En México, ícono absoluto de rituales antiguos, místicos y sabios, un día como hoy se le dedica a los niños que ya marcharon al cielo y mañana será para los adultos que después de pasar los niveles del altar, se darán una vuelta por casa, a ver, a saludar, a saborear.
“Ante la tumba, guardarás silencio”, decía con aires histriónicos mi abuela, por querer decir que a los muertos hay que respetarlos en ese silencio obligado que impone la parca.

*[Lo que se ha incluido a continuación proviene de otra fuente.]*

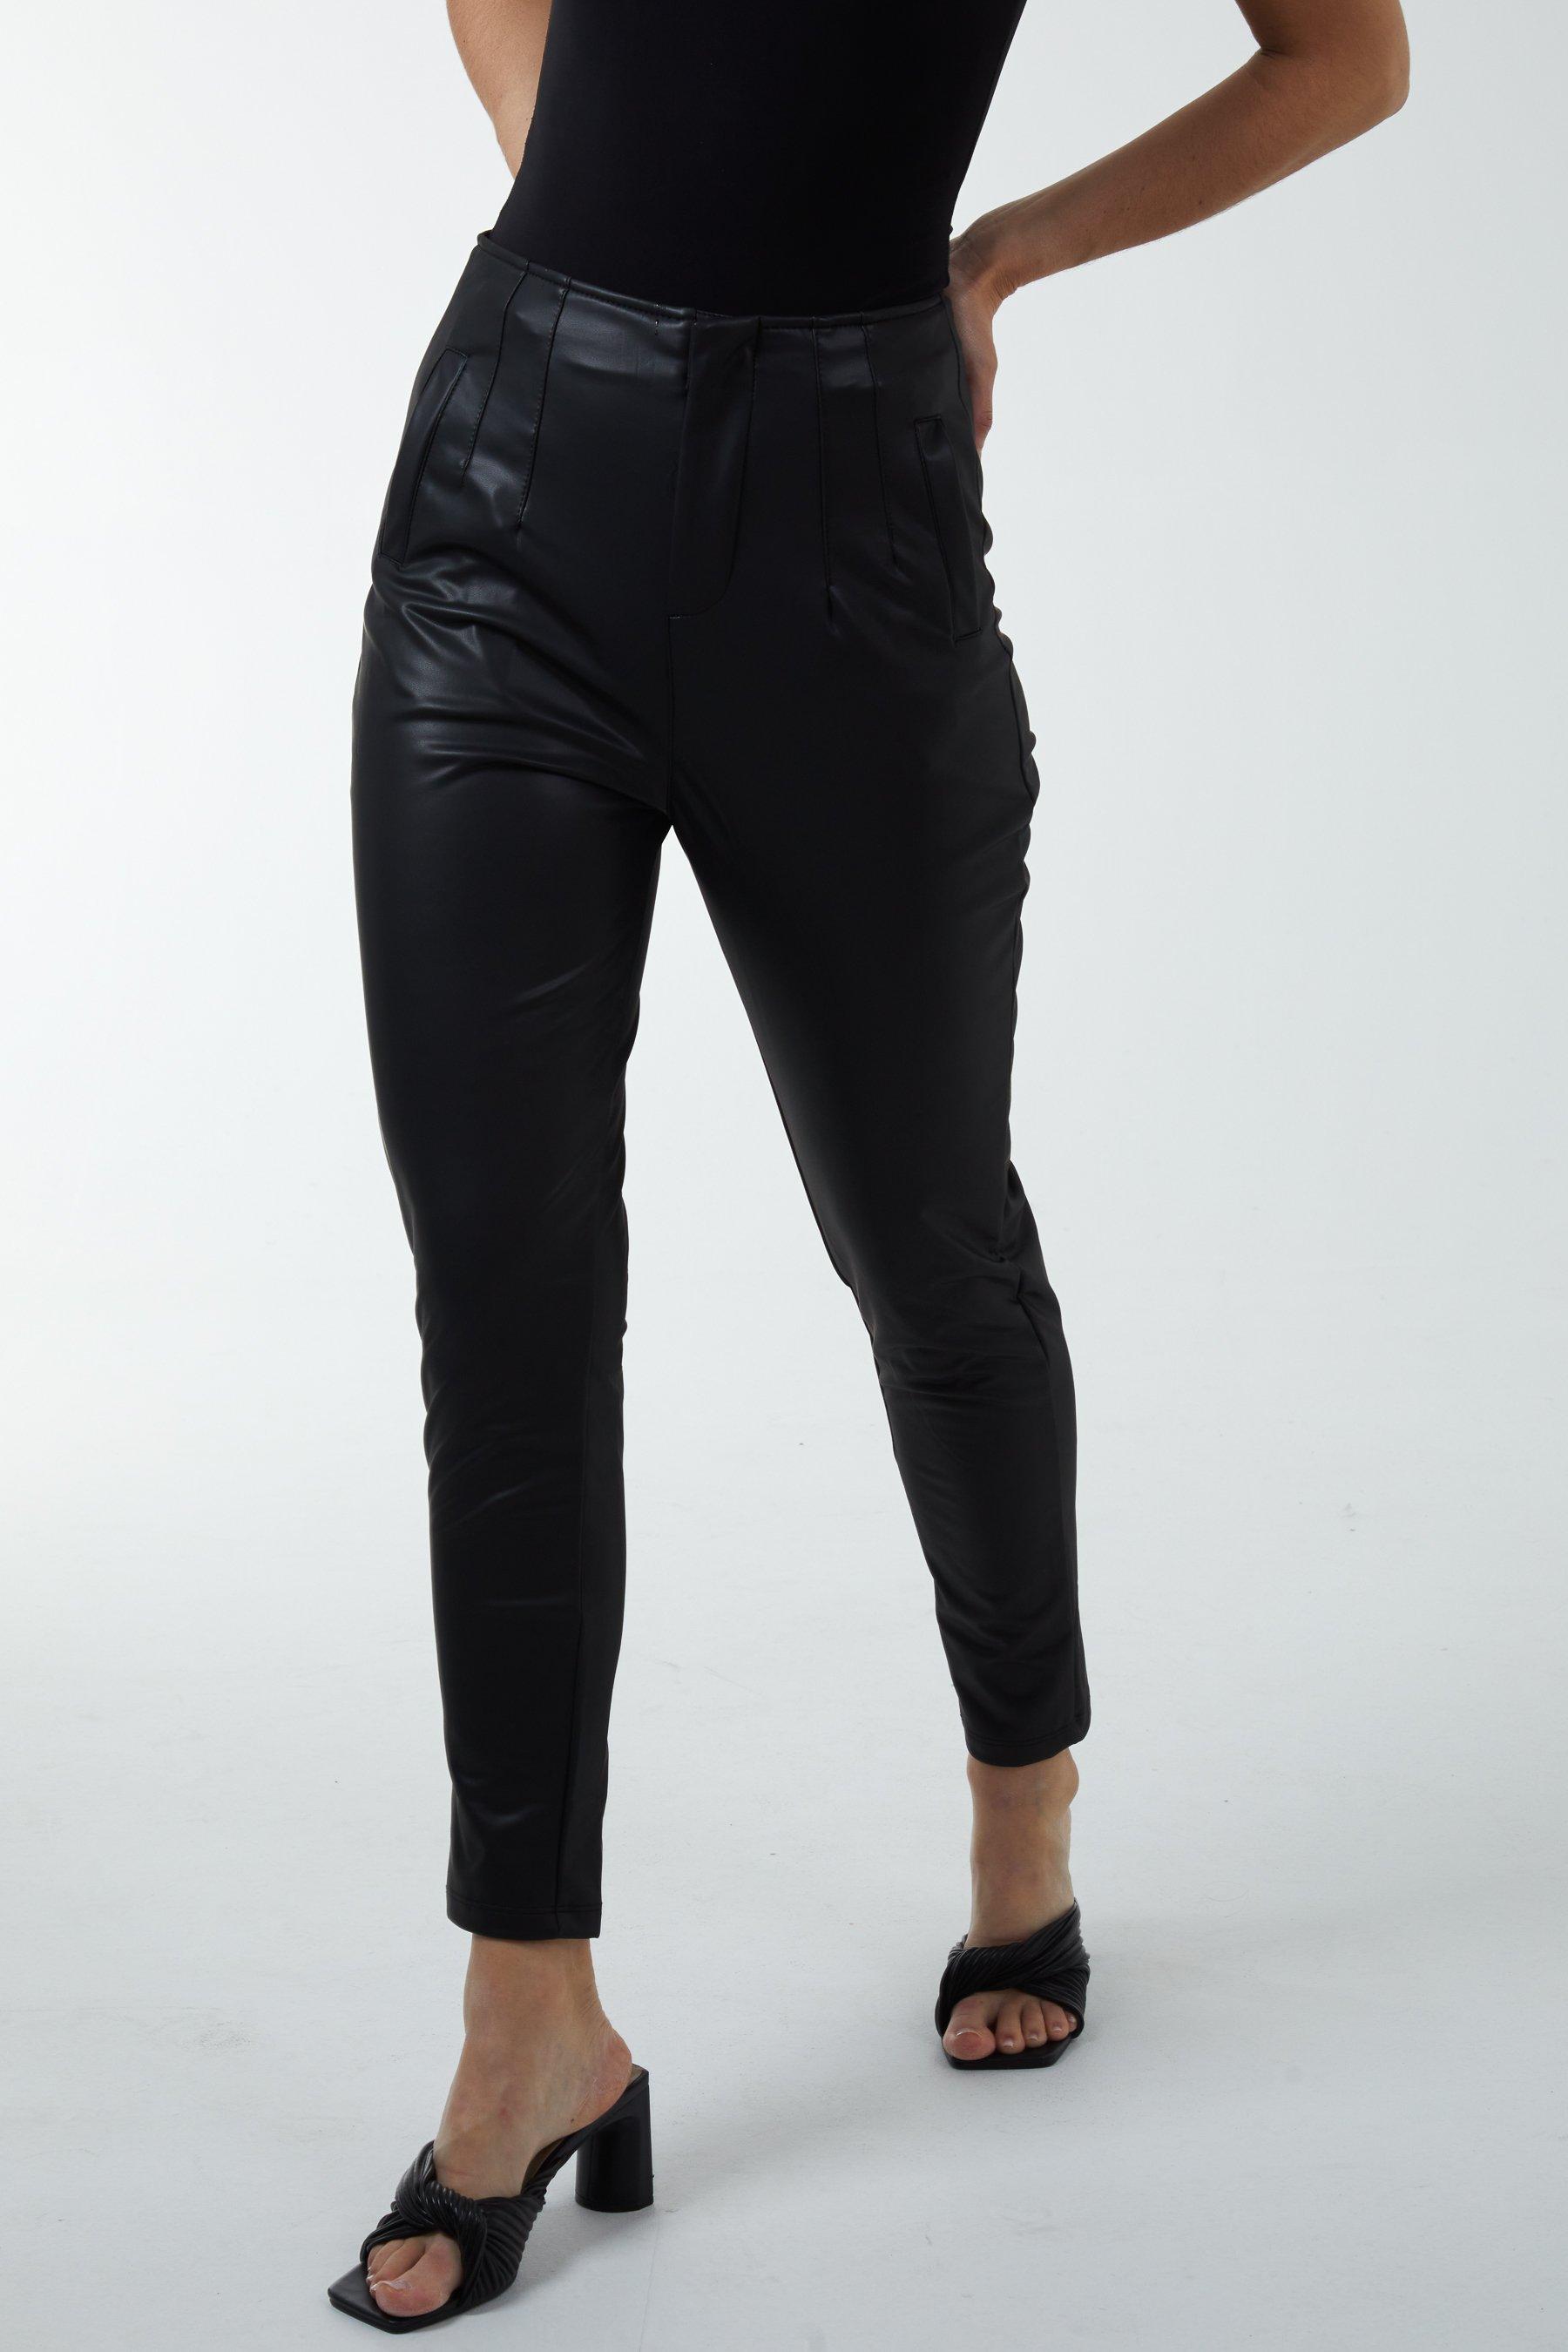 A New Day Women's High-Rise Skinny Ankle Pants - (Rust, 18R) at

Aún así, a veces hay conmigo rebeldes (y debe haber trillones) que ante una sepultura nos y les preguntamos.
¿Por qué? ¿Cómo se te ocurrió morirte? ¿Y con qué permiso te fuiste? ¿La estarás pasando bien?
Eso en términos espirituales y en otros más terrenales ¿por qué no nos dejó la vida más tiempo?, por qué aquello o lo otro, por qué los gritos o la indiferencia, por qué el accidente o la enfermedad…
Unas flores especuladas sellarán el pacto.
Sus cuerpos quedan allí prisioneros de una tumba y uno con un suspiro empaña el vidrio del carro y se devuelve meditabundo y cabizbajo.
Ya habrá tiempo sin fin para escuchar las respuestas cuando nos encontremos a algún vecindario del cielo.